The United States Supreme Court has held that fundamental economic practices are not patent eligible because they are abstract ideas. Alice Corp. Pty. Ltd. v. CLS Bank Int’l, 573 U.S. 208 (2014) articulates the present test to determine whether a patent which involves an abstract idea is eligible for patent protection.  The first step in the Alice test is to determine whether the claims of the patent are directed to a patent-ineligible concept, like an abstract idea.  If the first step is true, then each patent claim is reviewed both individually and ‘as an ordered combination’ to determine whether the additional elements ‘transform the nature of the claim’ into a patent-eligible application.

FREE STREAM MEDIA CORP. v. ALPHONSO INC., 19-1506 (C.A.F.C. 2021) is an example of a case where a patent was invalidated because it was directed to ineligible subject matter.

Plaintiff in this case owns U.S. Patent No. 9,386,356.  The ’356 patent is entitled “Targeting with Television Audience Data Across Multiple Screens.” The patent generally relates to a system providing a mobile phone user with targeted information (i.e., advertisements) that is deemed relevant to the user based on data gathered from the user’s television. The asserted claims utilize three main components: (1) a networked device (e.g., a smart TV); (2) a client device (e.g., a mobile device); and (3) a relevancy matching server.  The innovative method of this patent is piecing the security sandbox of a mobile phone’s operating system so that more precise targeted advertising can be delivered.

Plaintiff sued Defendant for infringement of that patent.  Defendant argued several points in its defense including that the patent was invalid because it was directed to patent ineligible subject matter.  Defendant filed a motion for summary judgment on the grounds that the patent was directed to the abstract idea of sending targeted ads to consumers.  The district court denied the motion but ultimately found that the Defendant did not infringe on the patent.  Plaintiff appealed the judgement of non infringement and the Defendant cross appealed the denial of  its motion to dismiss.

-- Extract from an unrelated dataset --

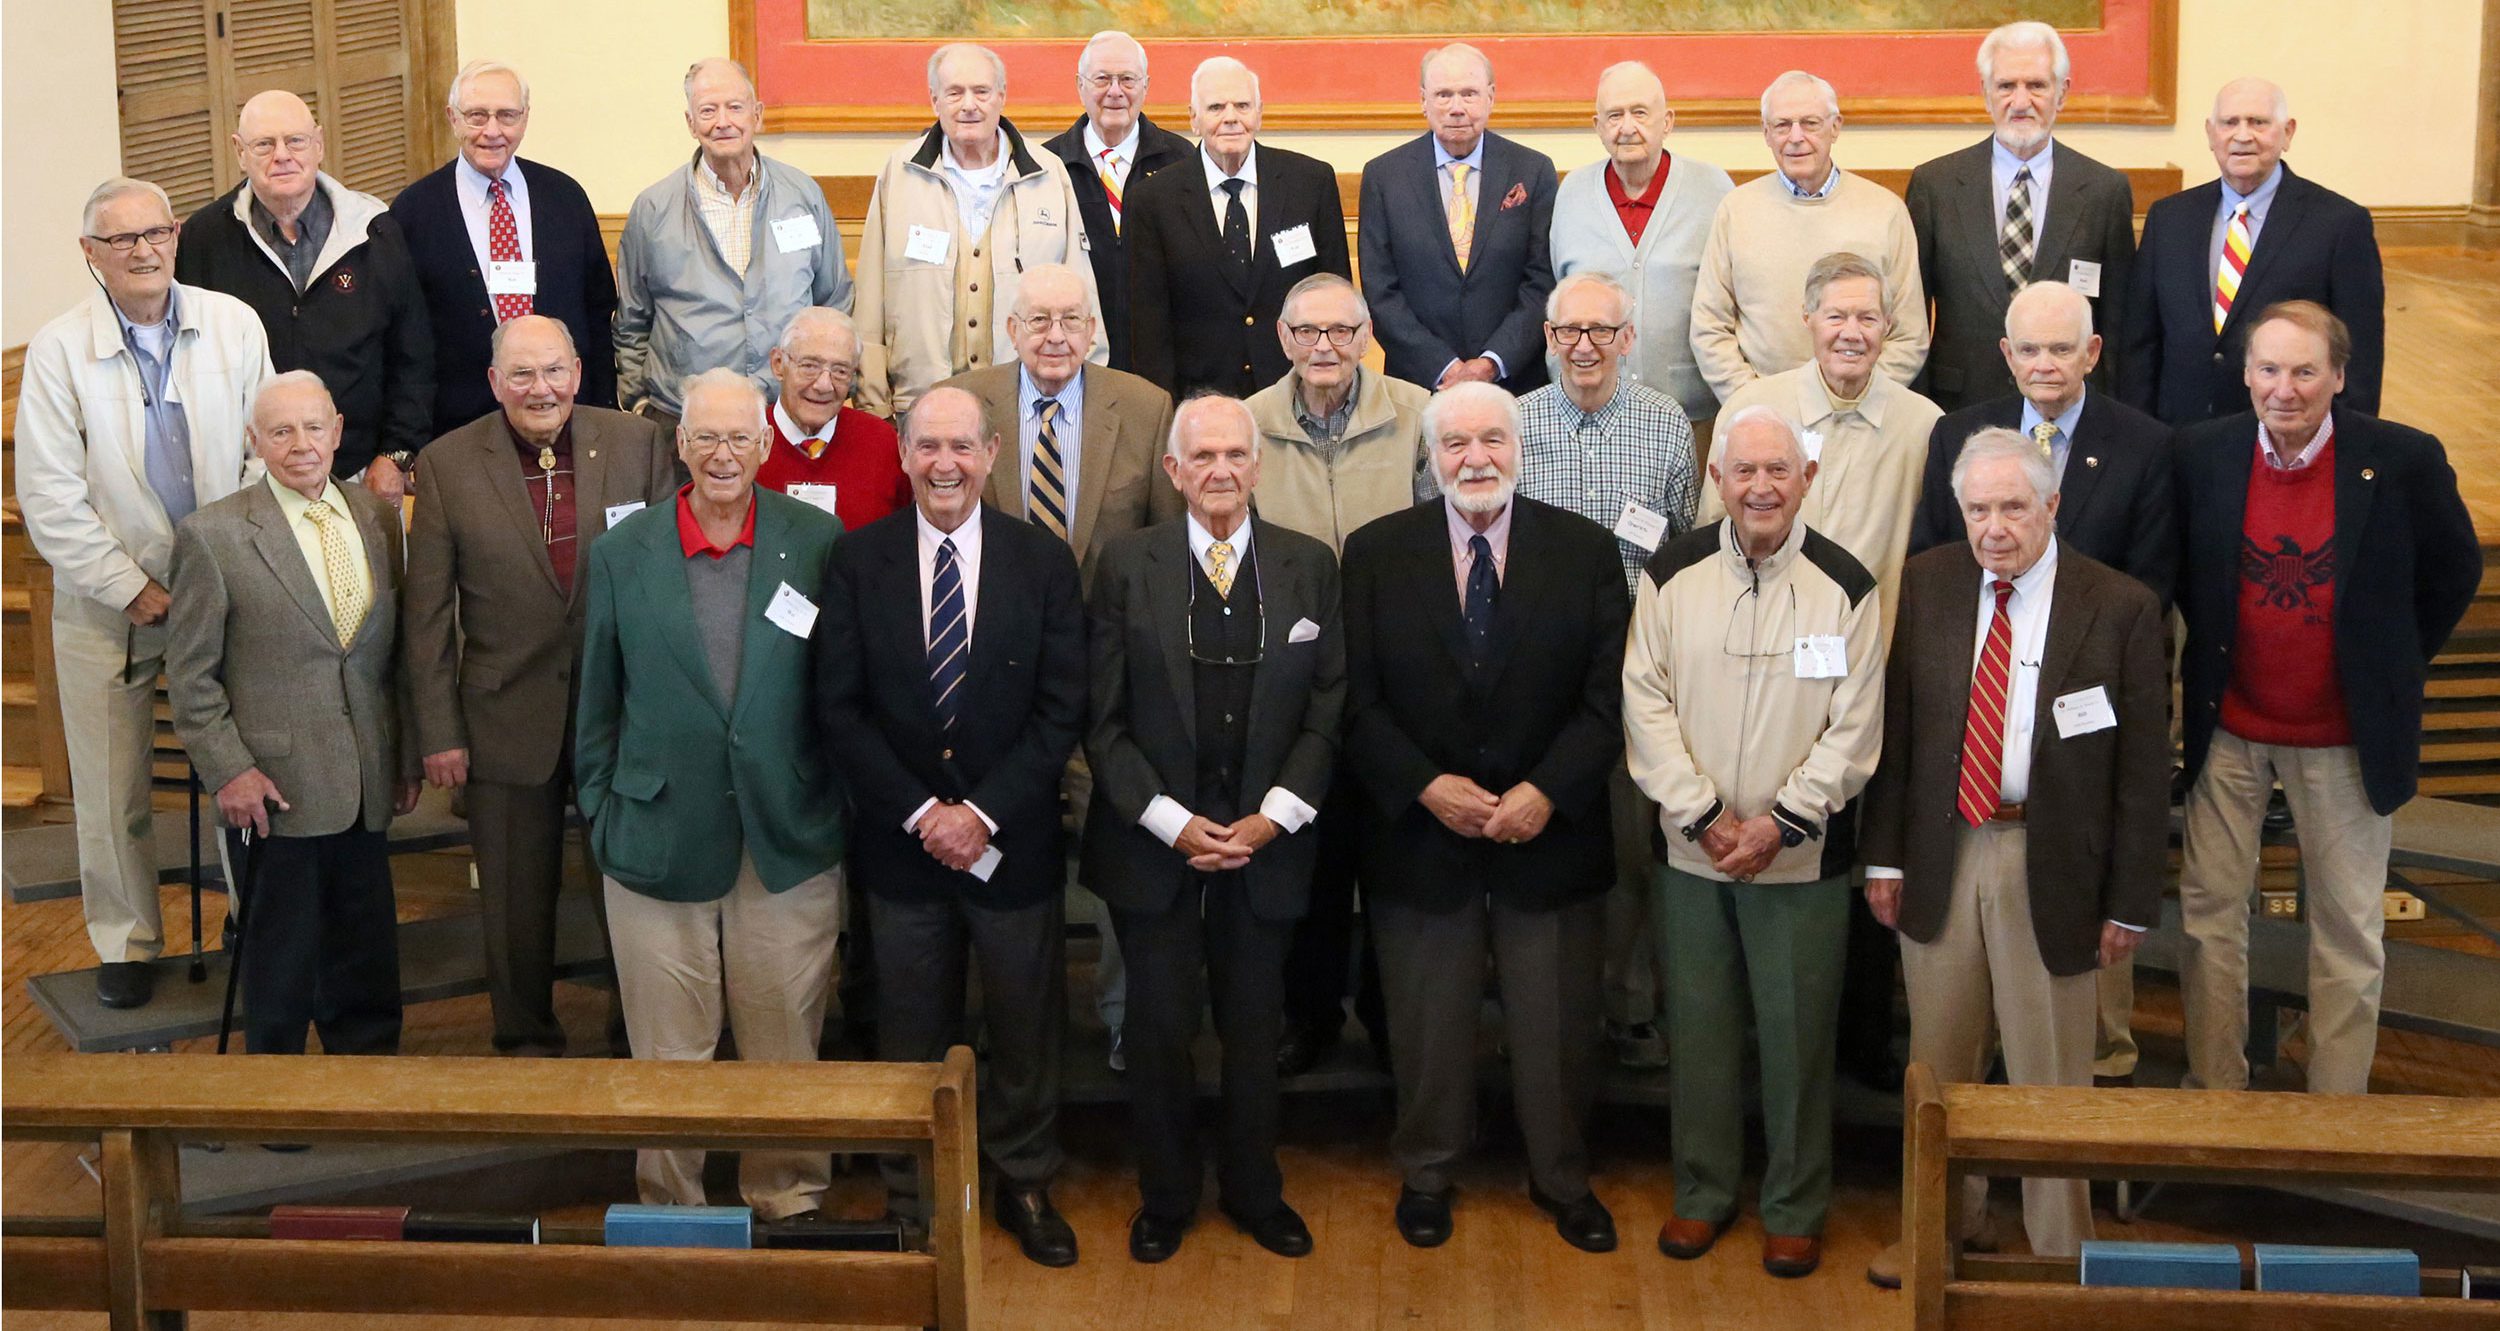 Class of 1953 – 70th Reunion

The Court of Appeals for the Federal Circuit noted that it had found targeted advertising to be patent ineligible subject matter in the past.  Abstract ideas implemented on a computer need to demonstrate some sort of improved computer functionality to qualify as patent eligible subject matter.  Using a method of breaking a mobile phone’s security to increase the effectiveness of targeted advertising was not an improvement in computer functionality.  The Federal Circuit found that the ‘356 patent disclosed an abstract idea, implemented on commodity computer hardware and therefore it did not have patent eligible subject matter.  Based on this conclusion the Federal Circuit reversed the District Court’s denial of the Defendant’s motion for summary judgement.